Exercise data:
---

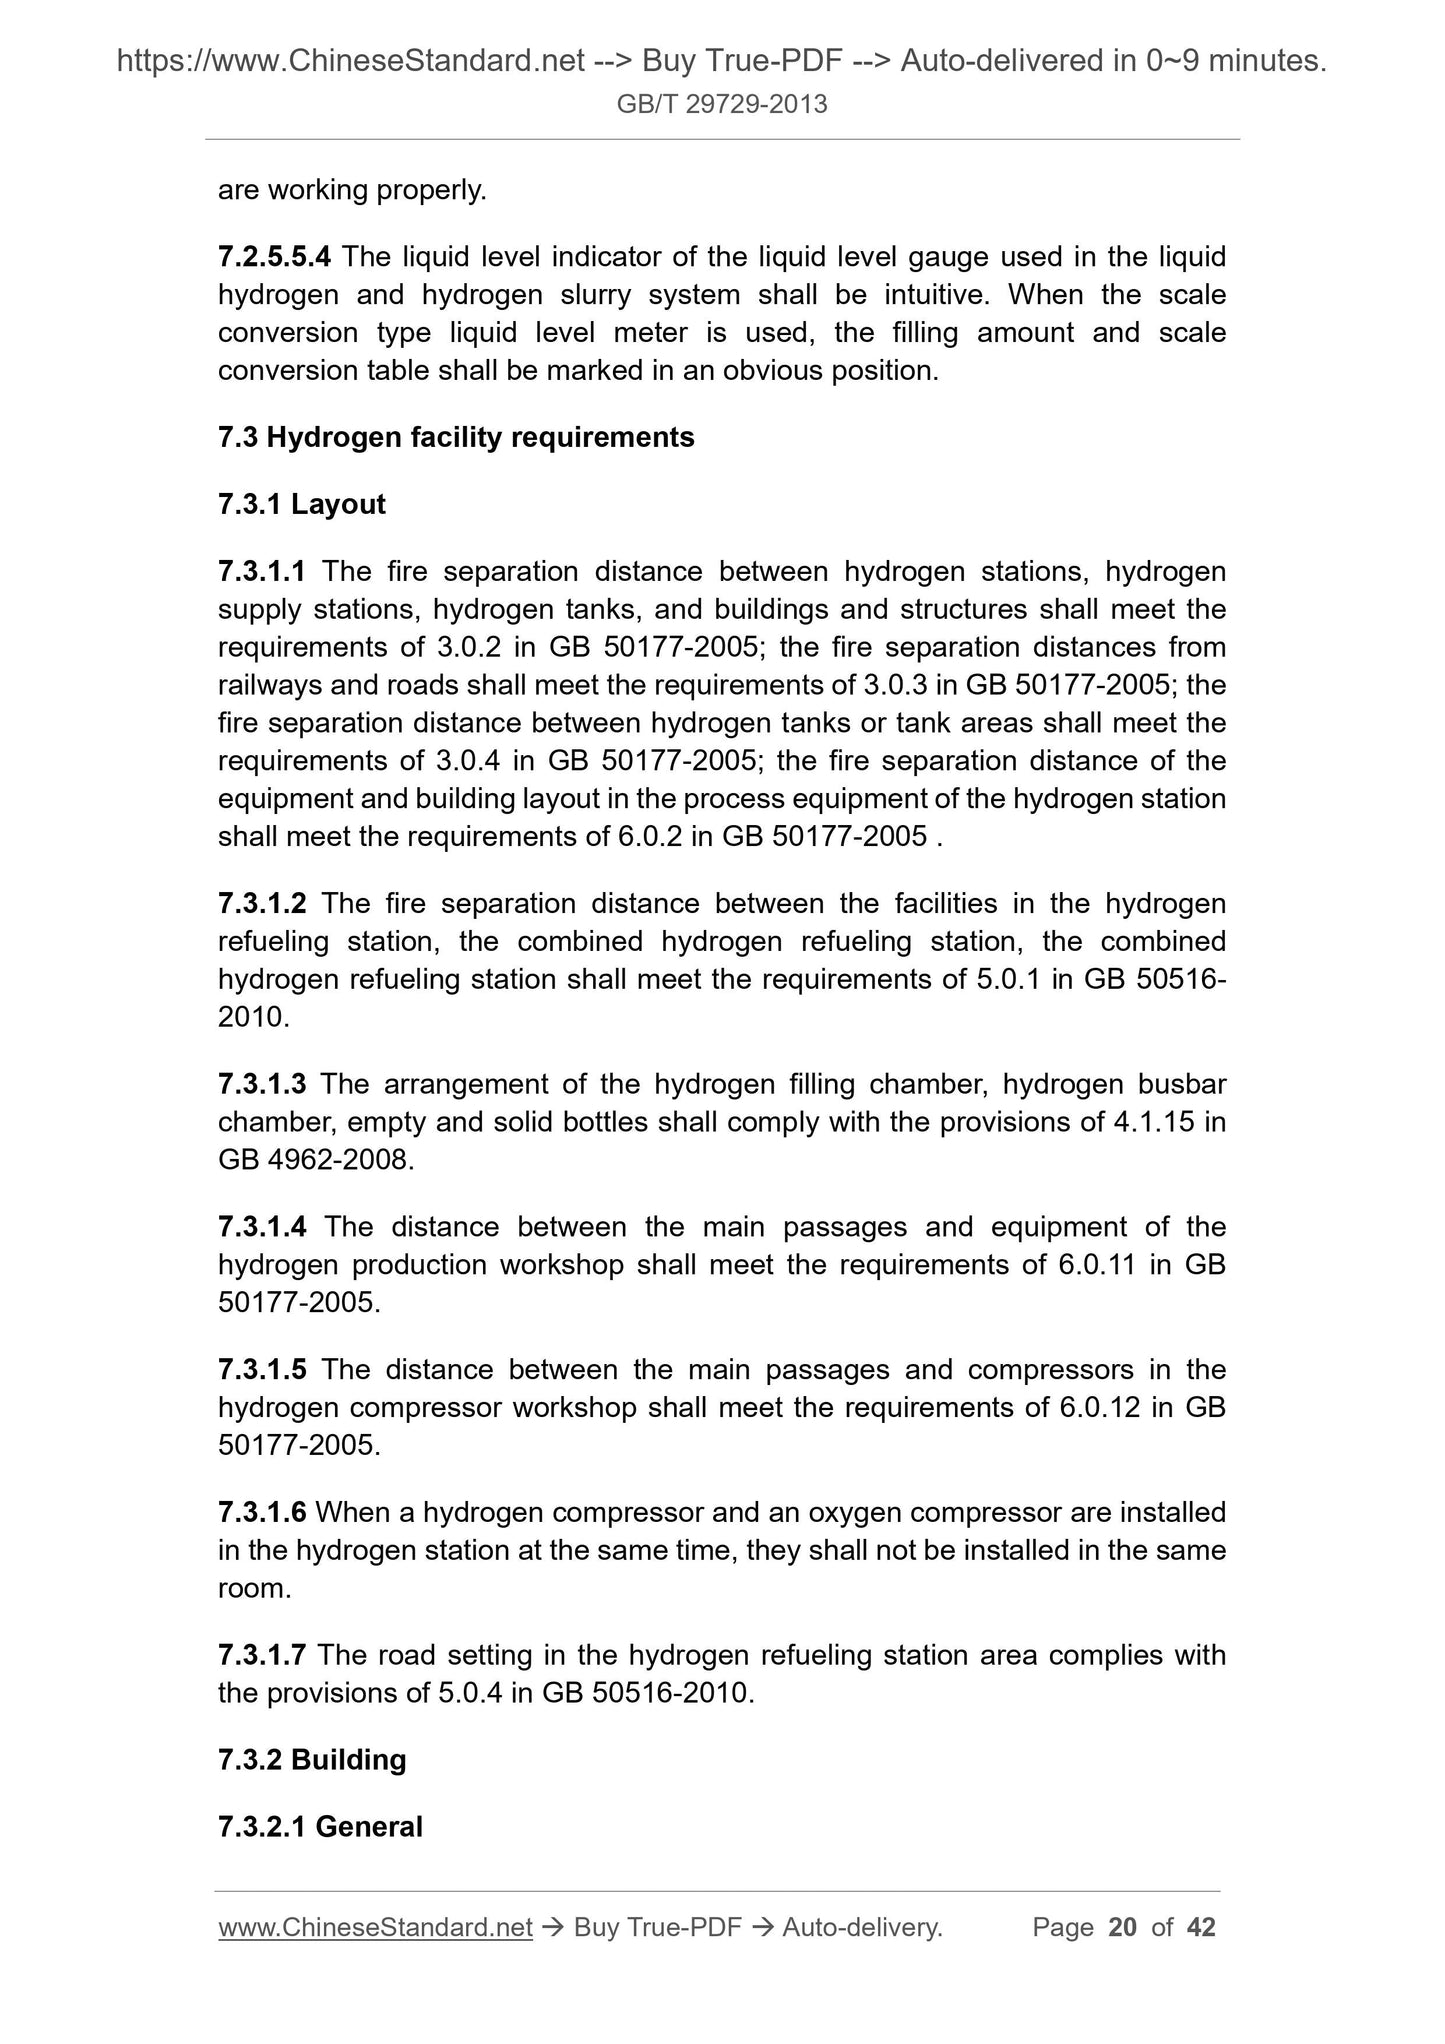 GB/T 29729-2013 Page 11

---

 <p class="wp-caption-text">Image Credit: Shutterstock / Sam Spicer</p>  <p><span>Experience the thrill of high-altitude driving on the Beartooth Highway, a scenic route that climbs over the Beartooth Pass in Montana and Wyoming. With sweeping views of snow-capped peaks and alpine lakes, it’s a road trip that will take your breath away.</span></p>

---

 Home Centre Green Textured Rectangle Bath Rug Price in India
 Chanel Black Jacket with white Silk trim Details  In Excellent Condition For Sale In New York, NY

---

Problem to work on: Write out only the lines that run from the line containing "Home Centre Green" through the line containing "Chanel Black Jacket", both included, exactly as they appear above.

Exercise solution:
 Home Centre Green Textured Rectangle Bath Rug Price in India
 Chanel Black Jacket with white Silk trim Details  In Excellent Condition For Sale In New York, NY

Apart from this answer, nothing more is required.